Pangeran Purbaya menikah dengan puteri Ki Gede Sebayu bernama Raden Rara Giyanti Subhaleksana. Pangeran Purbaya membangun masjid jami’ di Padepokan Pesantren Desa Kalisoka. Selain itu Pangeran Purbaya bersama Ki Ciptosari membangun balong ikan tambra di Desa Cenggini yang kemudian dimanfaatkan untuk mengairi persawahan penduduk.
Sampai akhir hayat, Pangeran Purbaya dimakamkan di Desa Kalisoka Kecamatan Dukuhwaru. Komplek makam Pangeran Purbaya terbagi menjadi 3 halaman yang dibatasi oleh pagar dari bata. Halaman utama (halaman ke-3) merupakan makam Pangeran Purbaya dan pendampingnya, Makam Reksonegoro, Makam Bupati Pemalang dan masjid makam serta makam kerabat. Halaman 2 dan 1 merupakan makam kerabat. Bangunan cungkup dibagi dua ruang yaitu ruang makam yang tertutup tembok dan serambi terbuka menelilingi ruang makam. Jirat makam merupakan jirat baru dan berbahan keramik dengan ukuran panjang 2 x 1 m dan tinggi 30 cm. Nisan terbuat dari kayu jati saat ini keadaannya sudah rapuh. Nisan tersebut dikategorikan sebagai tipe Demak-Troloyo.4. Pemandian Air Panas Guci Tegal

Guci terletak di kaki Gunung Slamet bagian Utara, dengan ketinggian sekitar 1.500 meter dari permukaan air laut mempunyai udara yang sejuk dengan suhu sekitar 20 derajat celcius.
Cerita tentang GUCI berawal dari sebuah pedukuhan yang bernama Kaputihan. Kaputihan berarti yang belum tercemar atau masih suci, yang berarti daerah Kaputihan belum tercemar oleh agama dan peradaban lain. Istilah Kaputihan pertama kali yang memperkenalkan adalah Beliau yang dikenal dengan Kyai Ageng Klitik (Kyai Klitik) yang nama sesungguhnya adalah Raden Mas Arya Hadiningrat asal dari Demak. Setelah Beliau Kyai Klitik menetap dan tinggal cukup lama di Lereng Gunung Slamet (kampung Kaputihan) maka banyak warga yang berdatangan dari tempat lain sehingga kampung Kaputihan menjadi ramai. Suatu ketika datanglah Syech Elang Sutajaya utusan Sunan Gunungjati (Syeh Syarief Hidayatulloh) dari pesantren Gunungjati Cirebon untuk syiar islam.
Dan kebetulan di kampung Kaputihan sedang terjadi pagebluk (bencana alam, penyakit merajalela, tanaman diserang hama dsb), sehingga Beliau Elang Sutajaya memohon petunjuk kepada Alloh SWT dengan semedi kemudian Alloh SWT member petunjuk, supaya masyarakat kampung Kaputihan meningkatkan iman dan taqwanya kepada Alloh SWT dengan menggelar tasyakuran, memperbanyak sedekah dan yang terkena wabah penyakit khususnya gatal-gatal agar meminun air dari kendi (Guci) yang sudah dido’akan oleh Sunan Gunungjati.

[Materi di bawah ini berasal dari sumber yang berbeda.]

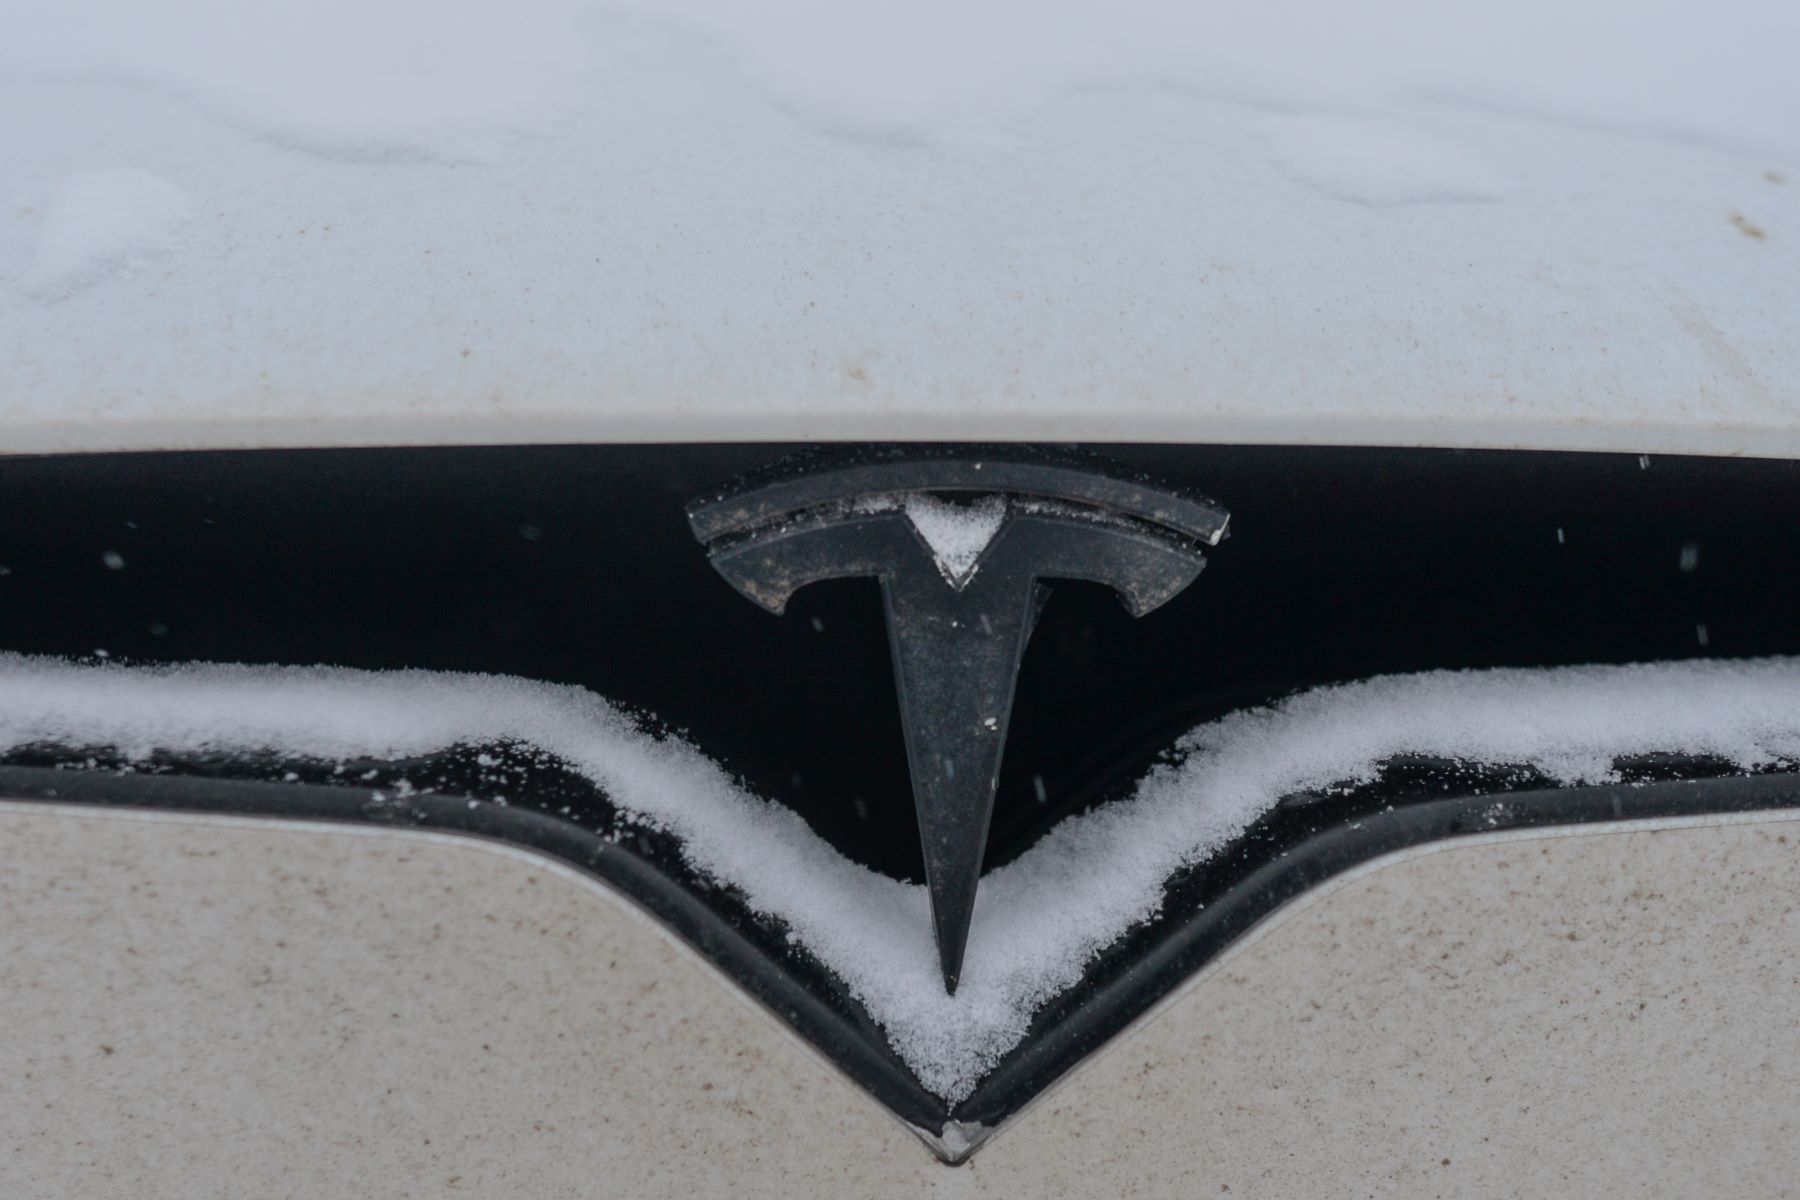 A Tesla EV parked in cold weather and covered in snow in Edmonton, Alberta, Canada

Dalam kesempatan itu pula Sunan Gunungjati berkenan mendo’akan sumber air panas di kampong Kaputihan agar bisa dipergunakan untuk menyembuhkan segala penyakit. Semenjak itu karena kendi (guci) berisi air yang sudah dido’akan oleh Sunan Gunungjati ditinggal dikampong Kaputihan dan selalu dijadikan sarana pengobatan. Maka sejak saat itu masyarakat sekitar menyebut-nyebut Guci-guci. Sehingga Kyai Klitik selaku Kepala Dukuh Kaputihan Merubahnya menjadi Desa Guci, dan Beliau sebagai Lurah pertamanya.
Guci peninggalan Elang Sutajaya itu berada di Musium Nasional setelah pada pemerintahan Adipati Brebes Raden Cakraningrat membawanya ke Musium.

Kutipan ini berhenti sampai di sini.